Juan-José López Burniol, 18 November 2023
Ballesteros / Efe
In an article entitled “And the State was still there” (5/II/2018), Santos Juliá wrote: “Ever since it burst onto the scene, back in the last decade of the 19th century, a constant feature of political Catalanism has been its propensity to take a step forward whenever it perceived a weakness, a crisis, in the Spanish State (…) Catalanism has never renounced its idea that any advance in Catalonia’s autonomy was a concession wrested from a weak State”. Today, political Catalanism has largely become separatist, as it has become aware of the growing weakness of the Spanish state, accentuated under the ignorant Zapatero, increased by the passive Rajoy and culminated with Sánchez, who has sold amnesty to the Catalan separatists in exchange for the lentils of his investiture.

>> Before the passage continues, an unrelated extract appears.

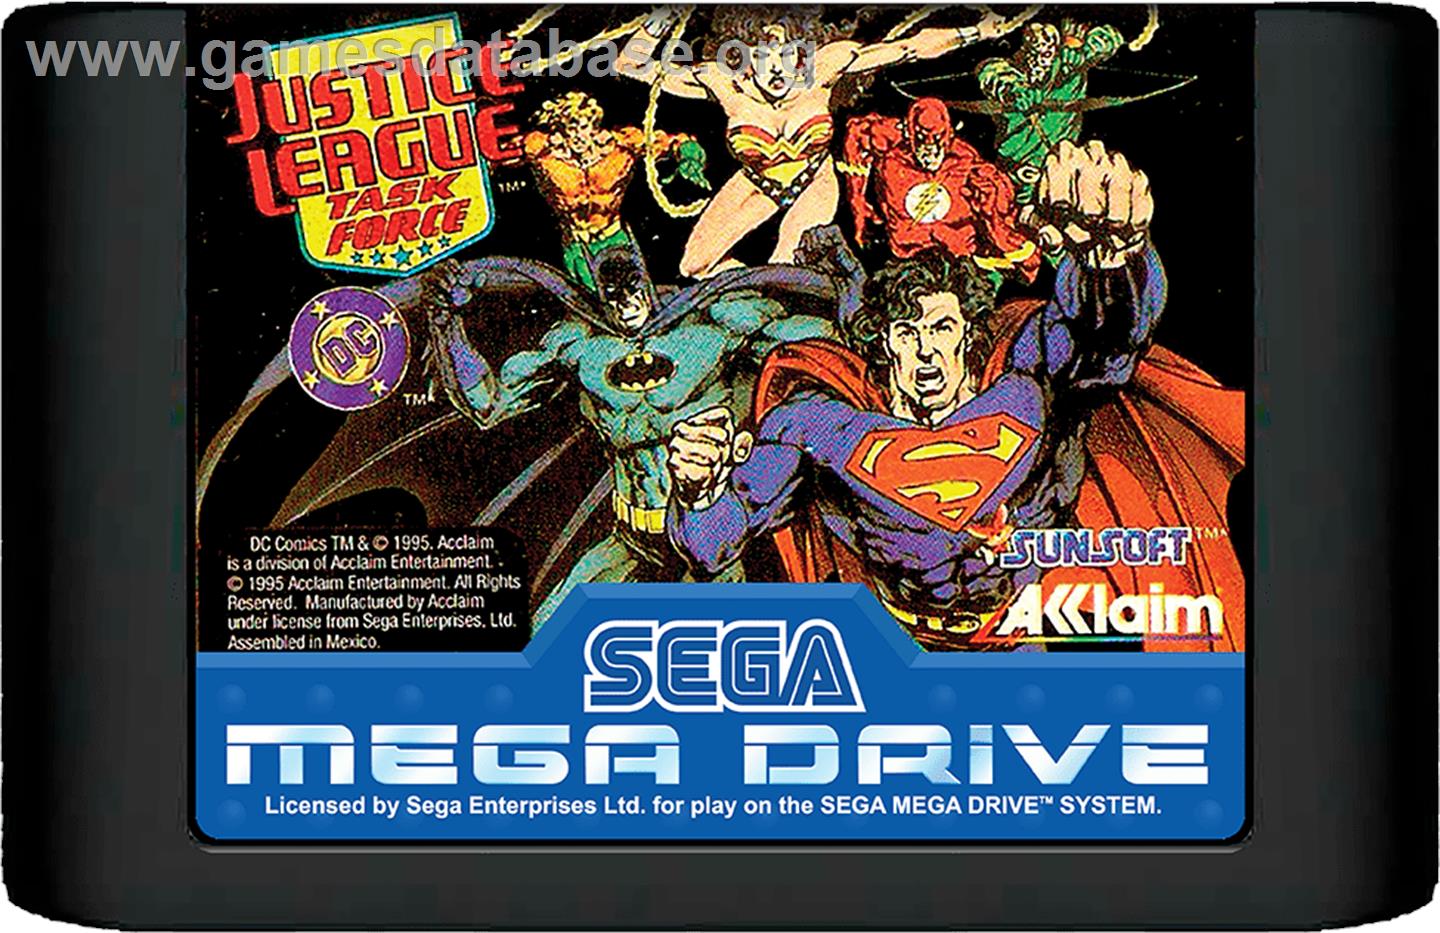 Justice League Task Force - Sega Genesis - Artwork - Cartridge

Have we thus reached the end of the road that leads to the independence of Catalonia and the communities that dare to follow her? Some think so, but perhaps they are mistaken for confusing the nation with the State. Because it is true that the State appears to be in tatters, due to the mistreatment it has suffered at the hands of those who had the greatest obligation to defend it, and who have instrumentalised and betrayed it for their own benefit and that of their party.
But the nation – the Spanish nation – is not yet inert. The poet who called Spain “morta” (dead) was wrong, just as those who, seeing their state humiliated and in the hands of politicians who sell it out, consider the road to separation to be open.
Along these lines, it is clear to me that after the amnesty – a surrender of the state to those who carried out a coup against it – will come the exaltation of plurinationality (Otegi is clear about this). That is, when Catalonia, Euskadi, Navarre, Galicia and tutti quanti feel up to it, they will proclaim themselves – through the mouths of their respective nationalists – as political nations (not only historical and cultural), while denying Spain’s status as a nation, claiming that it is only a state.
And, therefore, they will say that the current autonomous state, rejected as an ill-fitting imitation of a federation, must be replaced by a confederal structure which, once established, will have to leave the door open to the self-determination of the “true” nations. All of this will take place in the form of a transition, that is to say, “from law to law”, with the technical assistance of the progressive majority of the Constitutional Court.
The King serves the continuity of the nation – with dignity, efficiency, and good style.
But perhaps this is not the case. Some historians raise the question of whether, in Spain, the state or the nation is weak. I am clear: the state is weak, and the nation is strong. Spain is a nation “de tomo y lomo” with an iron bad health. So much so that its strength has historically managed to compensate for the fragility of its state. A state “more or less liberal, characterised by its unpredictability, slowness, poverty and timidity”, as Manuel Azaña defined it in his first text on “the Catalan question”, published in 1918.
And how did the Spanish nation manage to survive despite the successive crises of its state? Because of the stubborn adherence of the majority of its citizens to an idea of Spain understood as a cultural and political community shaped by geography and a shared history, whose most radical manifestation is to constitute a sphere of immediate solidarity. And it is this firm and sustained underlying national reality that will perhaps enable the State to democratically overcome the serious risk it finds itself in today, if a part of its voter’s abandon, those who have abandoned the defence of Spain against those who want to destroy it out of weakness.
On the day of Princess Leonor’s swearing-in, this national support came to the fore in the endless applause that followed her oath. Hence the importance of the Spanish constitutional monarchy today as a factor of national cohesion: the King serves the continuity of the Spanish nation with dignity, efficiency, good style, and strict adherence to the Constitution. Therefore, let us look to the future with great courage: helping to forge it is everyone’s task.